(SOURCE DATA)

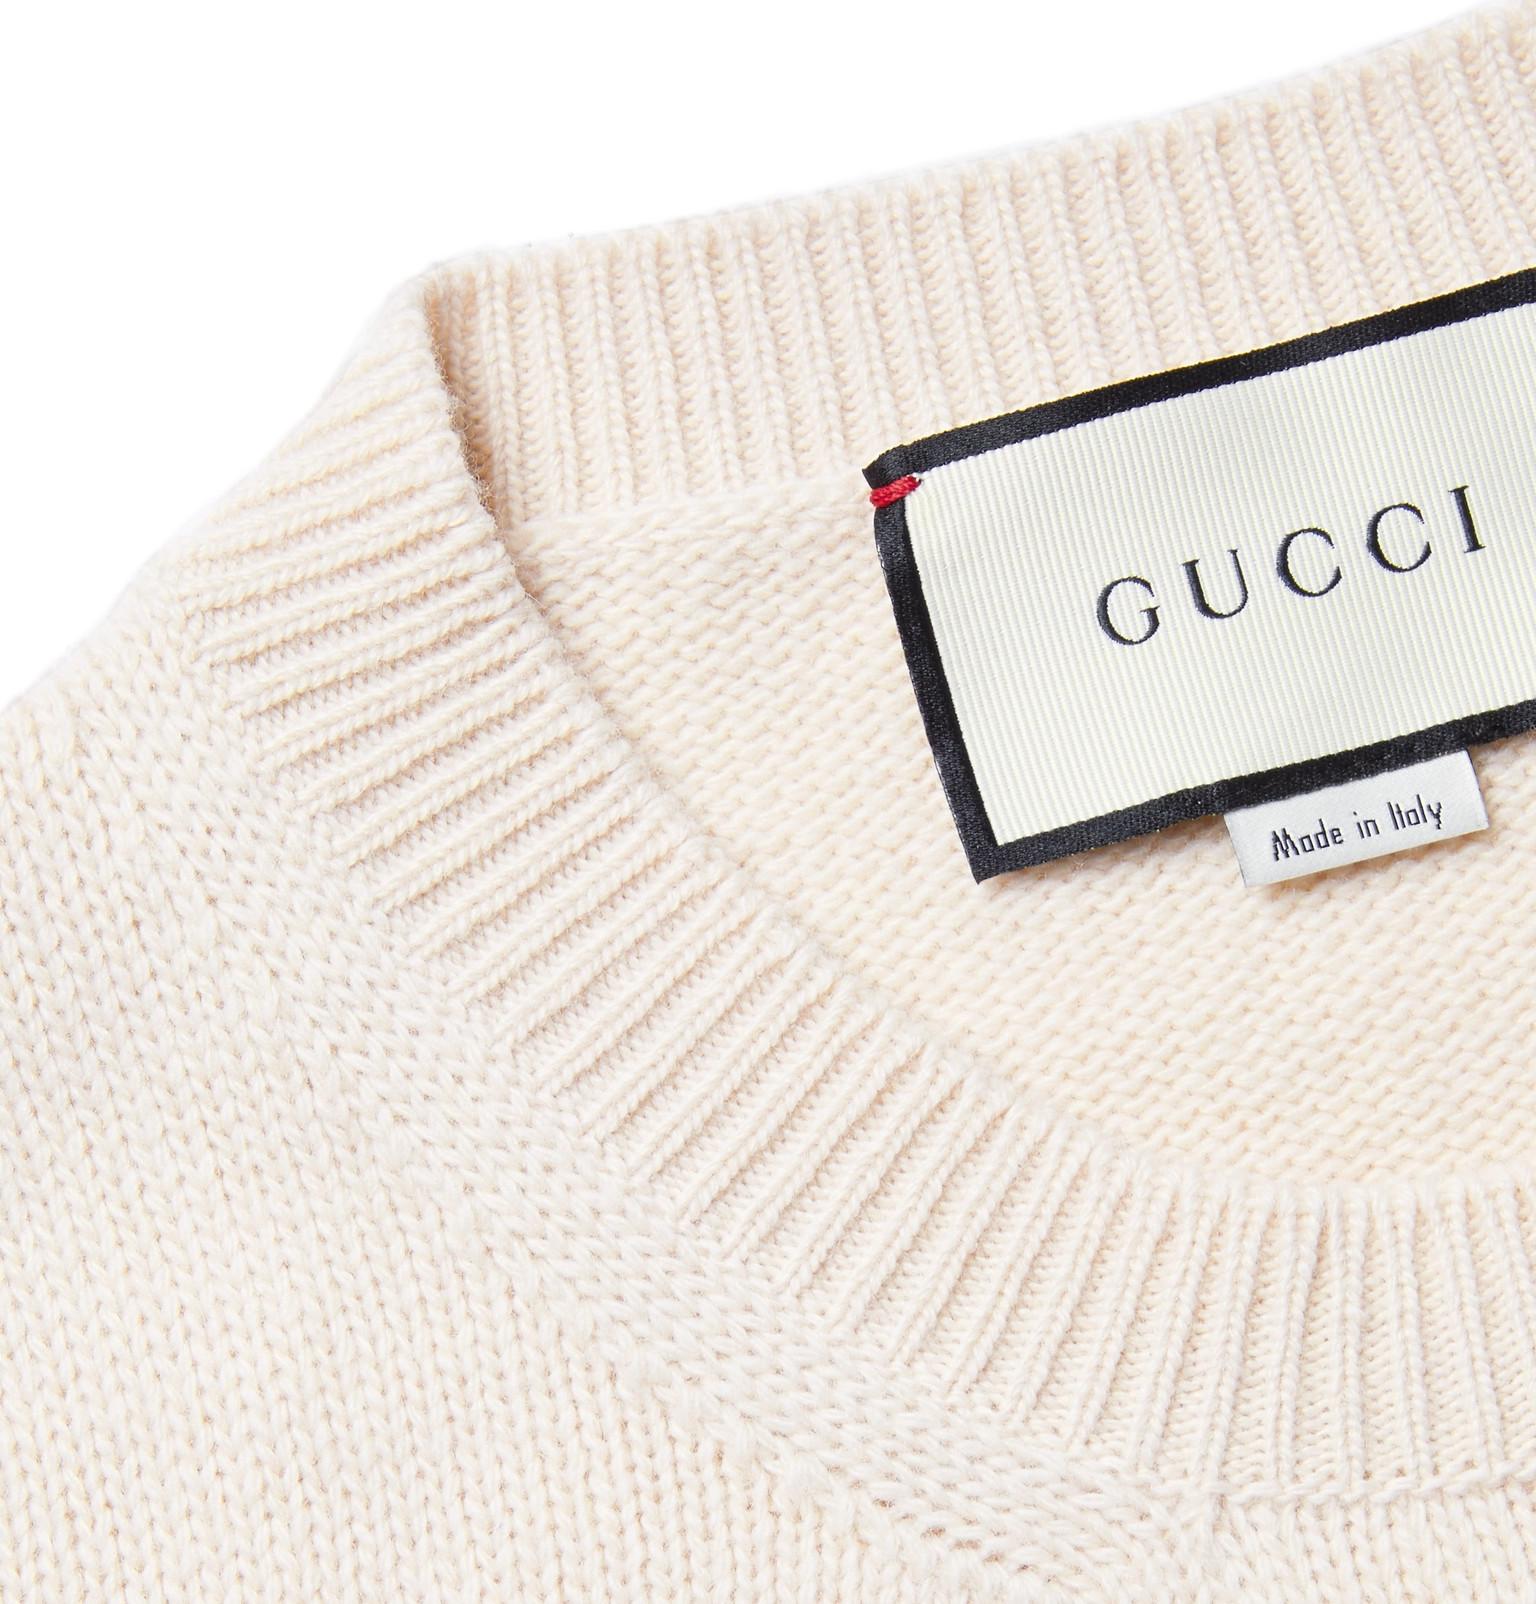 57909e39c0ff3 Gucci - Shark-Intarsia Wool Sweater
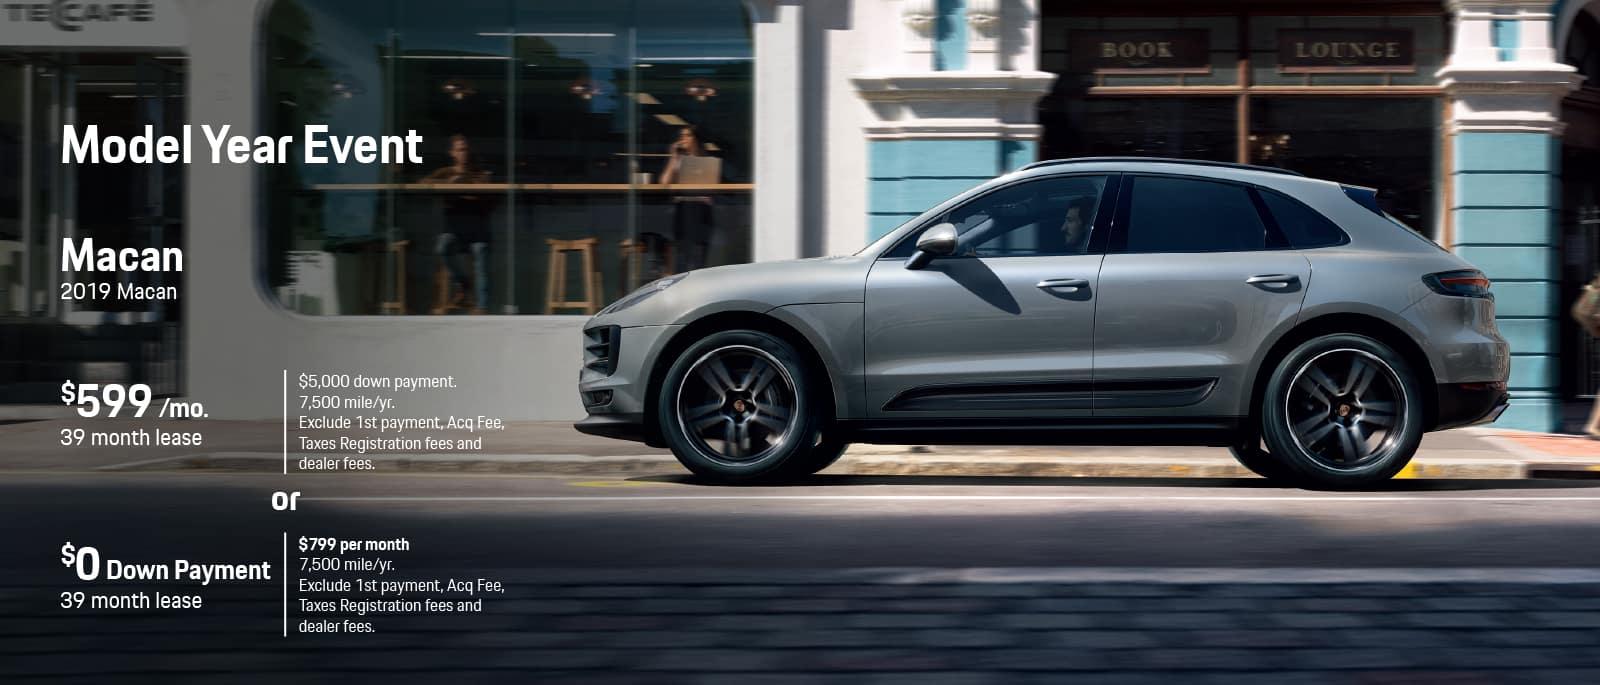 Porsche Macan Model Year End Lease
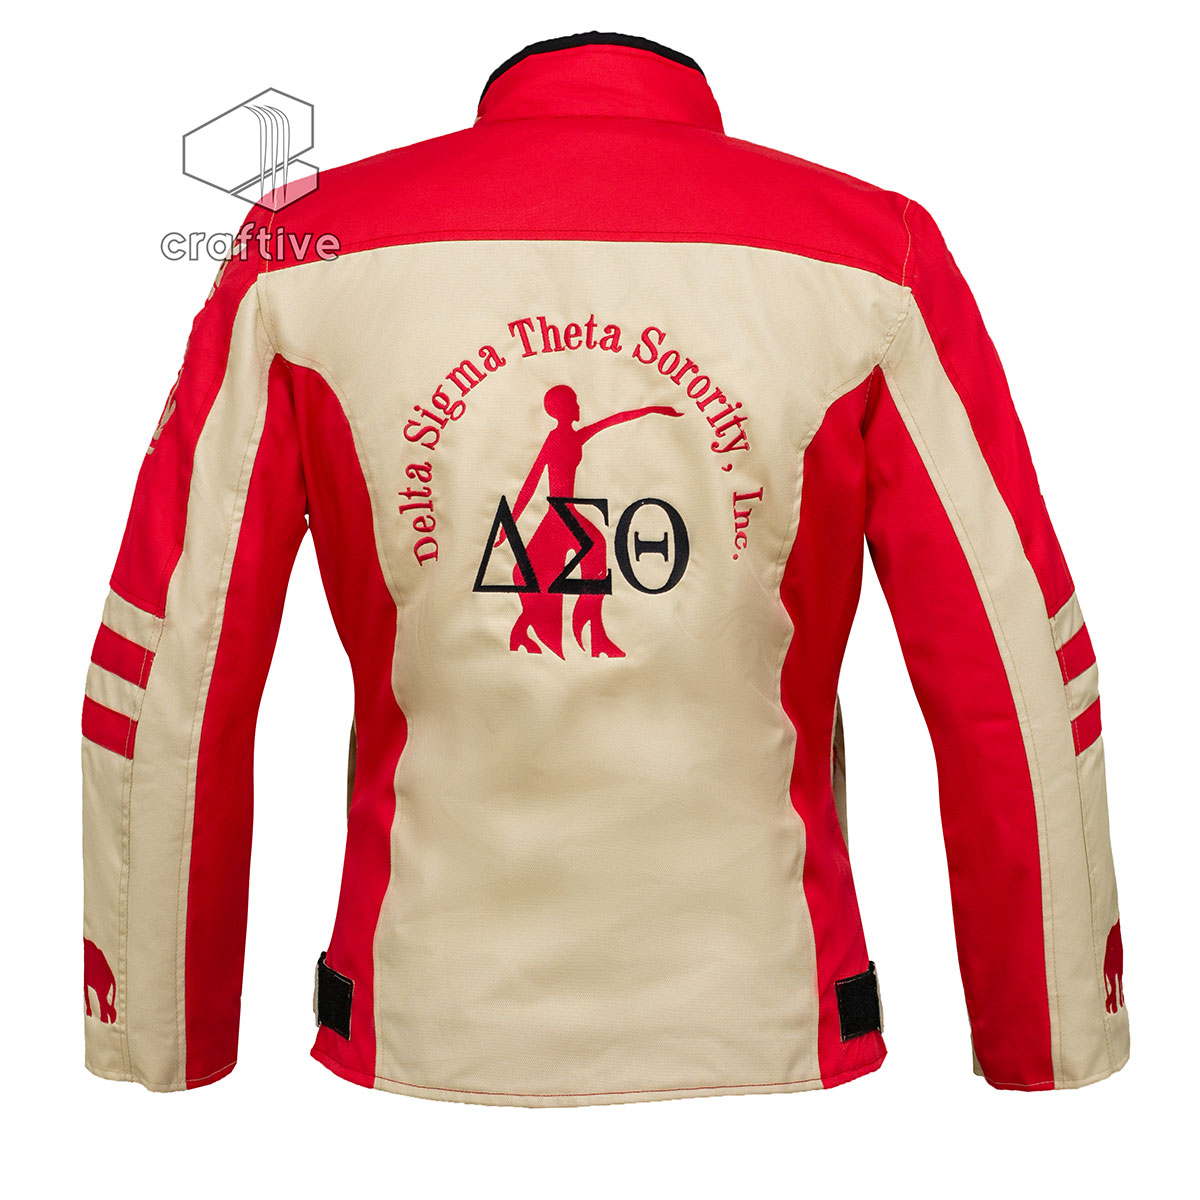 Delta Sigma Theta Crossing Jackets - Craftive Apparels
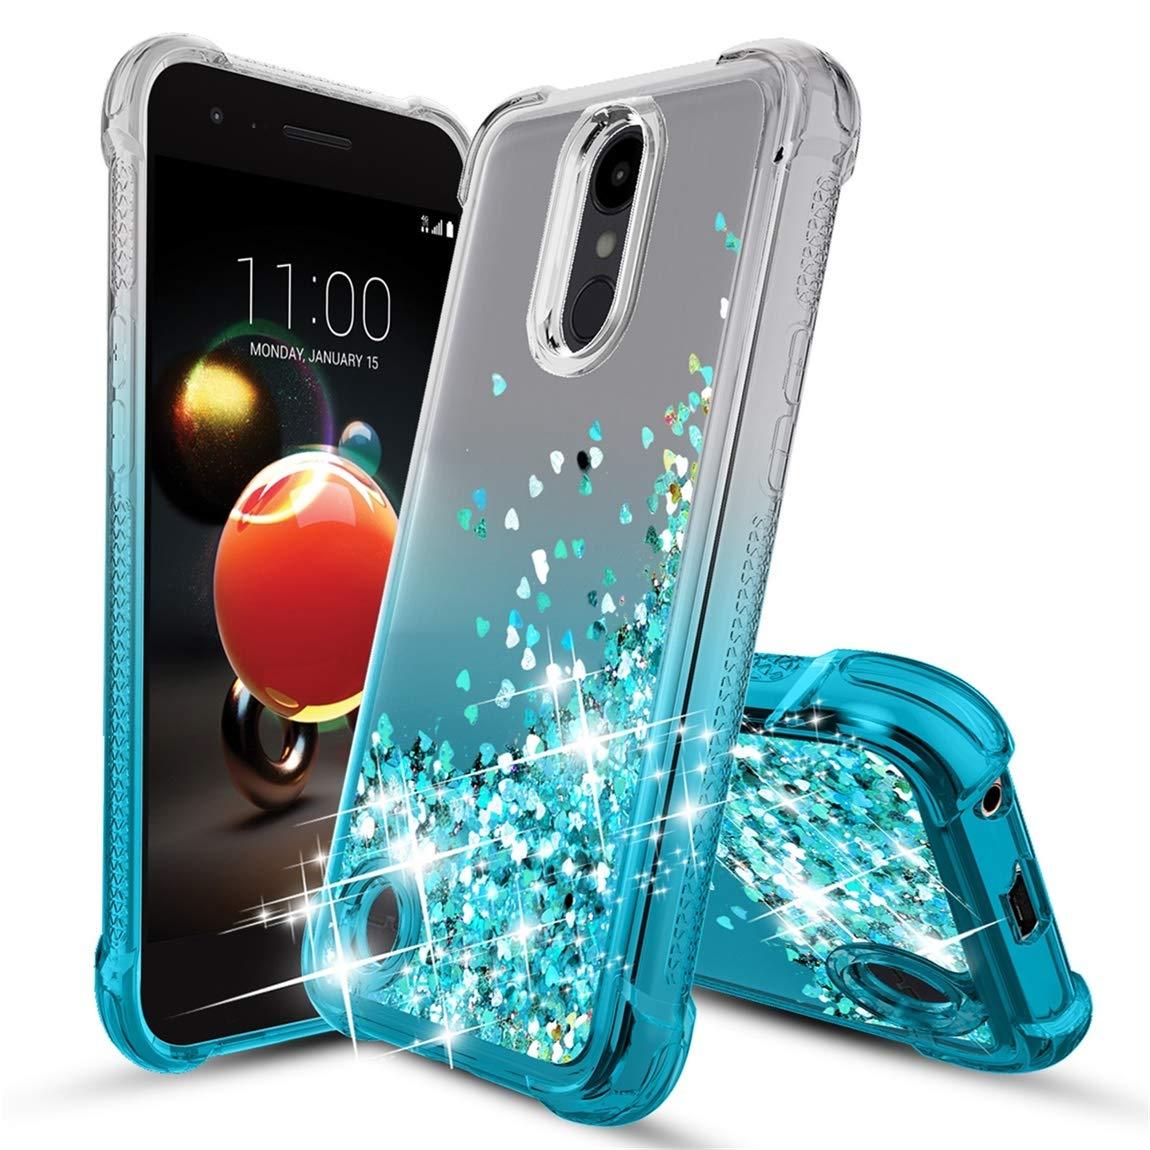 LG Aristo 2 Case,LG Aristo 3/Rebel 4 LTE/Tribute Empire/Dynasty/Fortune 2/Phoenix 4/ Aristo 2 Plus/Zone 4/Risio 3/K8+/LG K8S Phone Case,Glitter Quicksand Protective Phone Cover for Girls Women-Teal

(EXERCISE DESCRIPTION)
Return all the data exactly, pictures omitted.

(COMPLETED EXERCISE)
 57909e39c0ff3 Gucci - Shark-Intarsia Wool Sweater
 Porsche Macan Model Year End Lease
 Delta Sigma Theta Crossing Jackets - Craftive Apparels
 LG Aristo 2 Case,LG Aristo 3/Rebel 4 LTE/Tribute Empire/Dynasty/Fortune 2/Phoenix 4/ Aristo 2 Plus/Zone 4/Risio 3/K8+/LG K8S Phone Case,Glitter Quicksand Protective Phone Cover for Girls Women-Teal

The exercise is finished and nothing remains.